The correlations between altmetric attention scores and citations (rs = .31, p = .002) and between the altmetric scores and the Journal Impact Factor values (rs = .43, p < .001) are statistically significant within the random sample. However, these correlations have no statistical significance at the 5 percent level within the top sample (rs = .10, p = .305; rs = .19, p = .072).

It appears that the correlations between the variables in the random sample disappear in the top sample.

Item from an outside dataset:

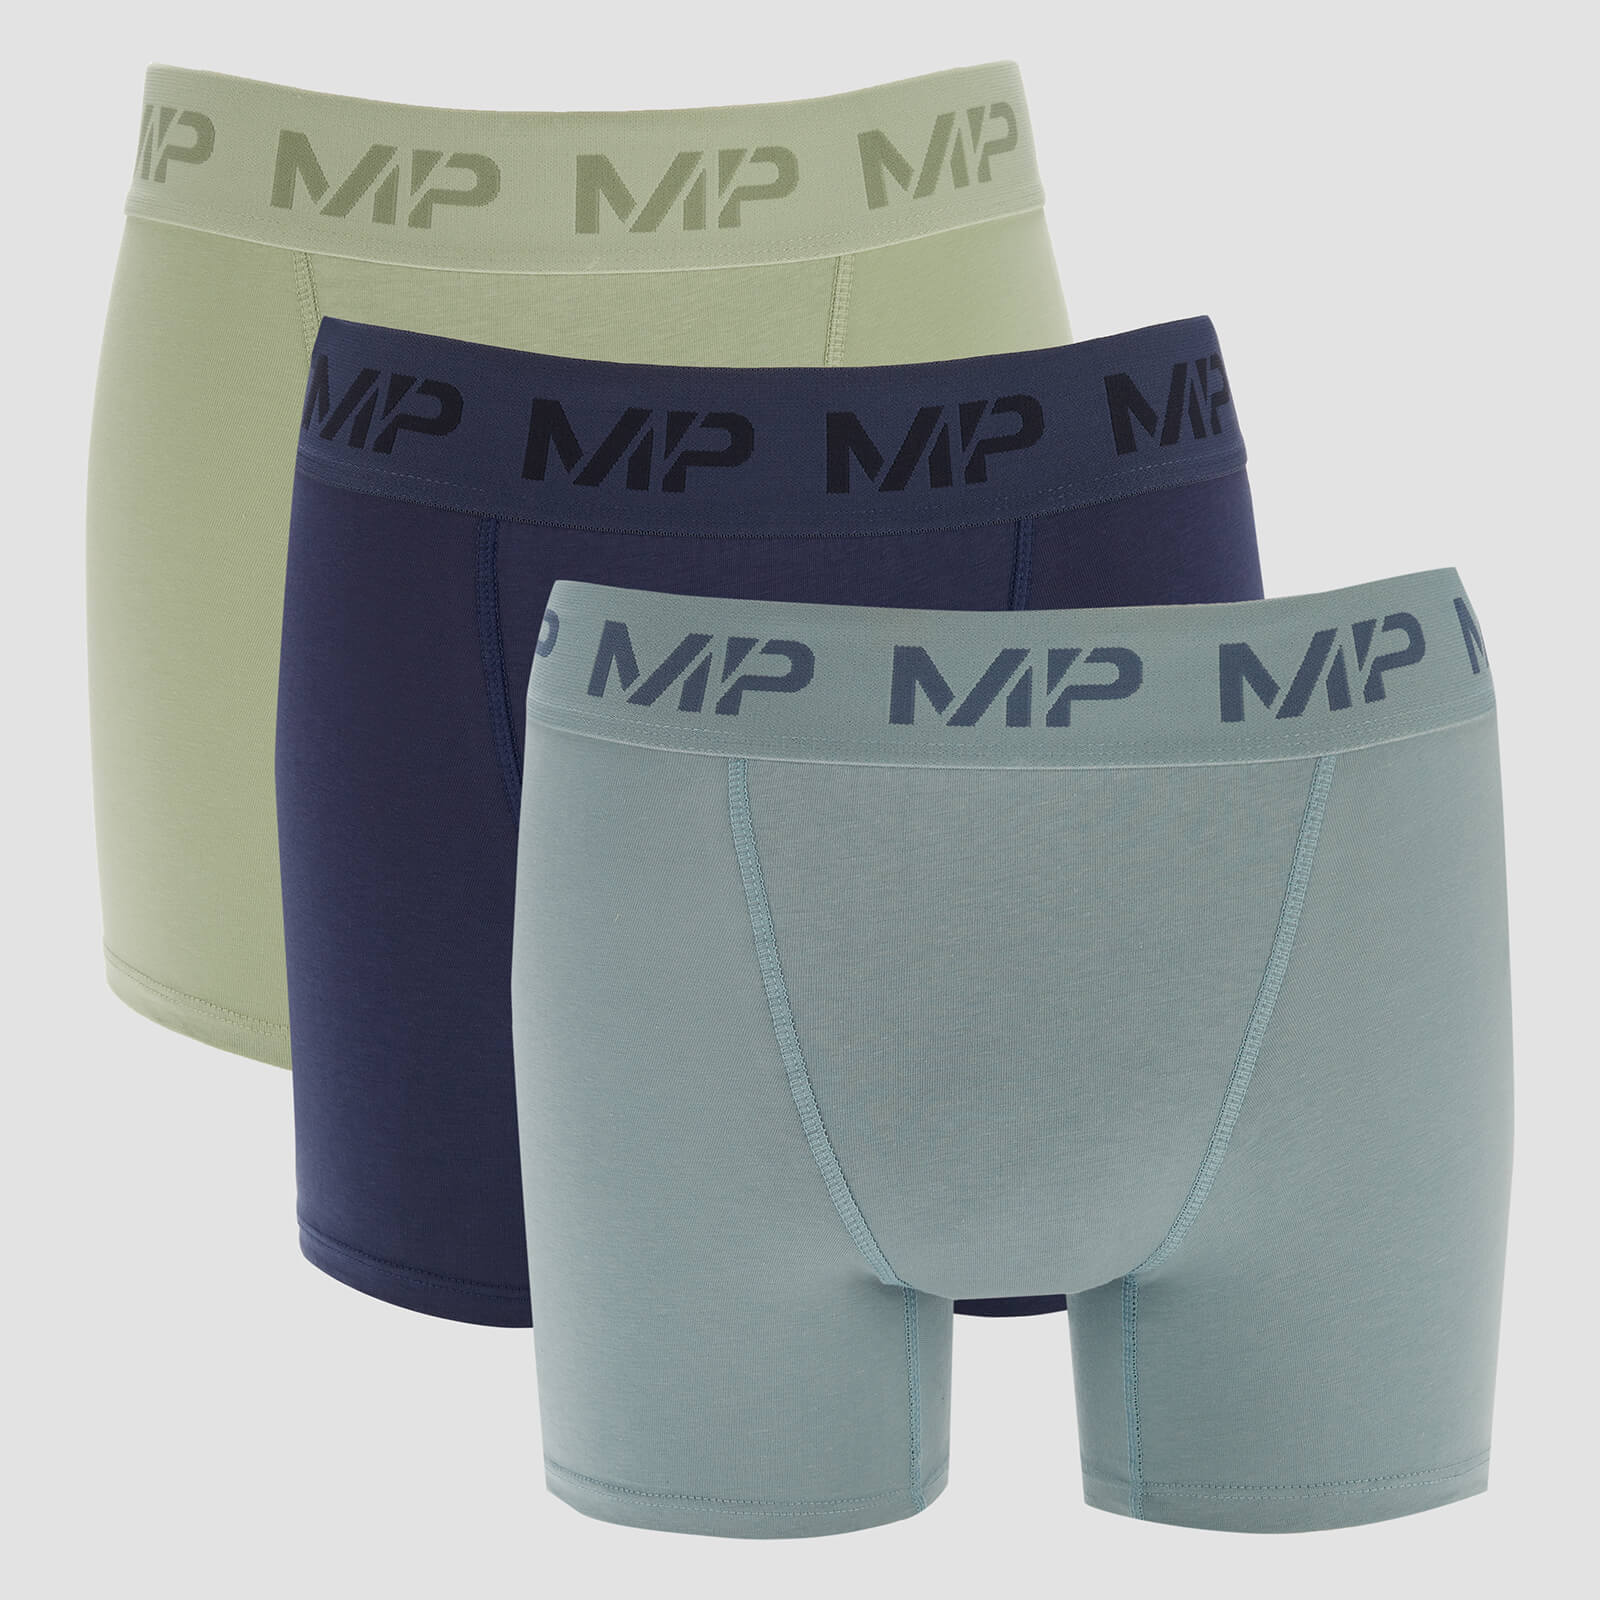 Quần lót Boxer dành cho Nam giới của MP (3 Cái) - Màu xanh lá lạnh/Màu xanh thép/Màu xanh đá

A possible reason is that citations and the journal impact factor are not following the extensive increase in altmetrics, such that even if there is positive correlation it does only apply to a bound of number of citations or level of Journal Impact Factor, which is not crossed even if the altmetric attention further increases. If such a bound is already reached before the altmetric values are high enough for the top sample, we have no further significant correlation in the top sample.

We have also a lack of significant correlation in the random sample between “days being published” and altmetric attention scores (rs = -.08, p = .425). Likewise, there is no statistically significant correlation between these variables in the top sample (rs = -.16, p = .110).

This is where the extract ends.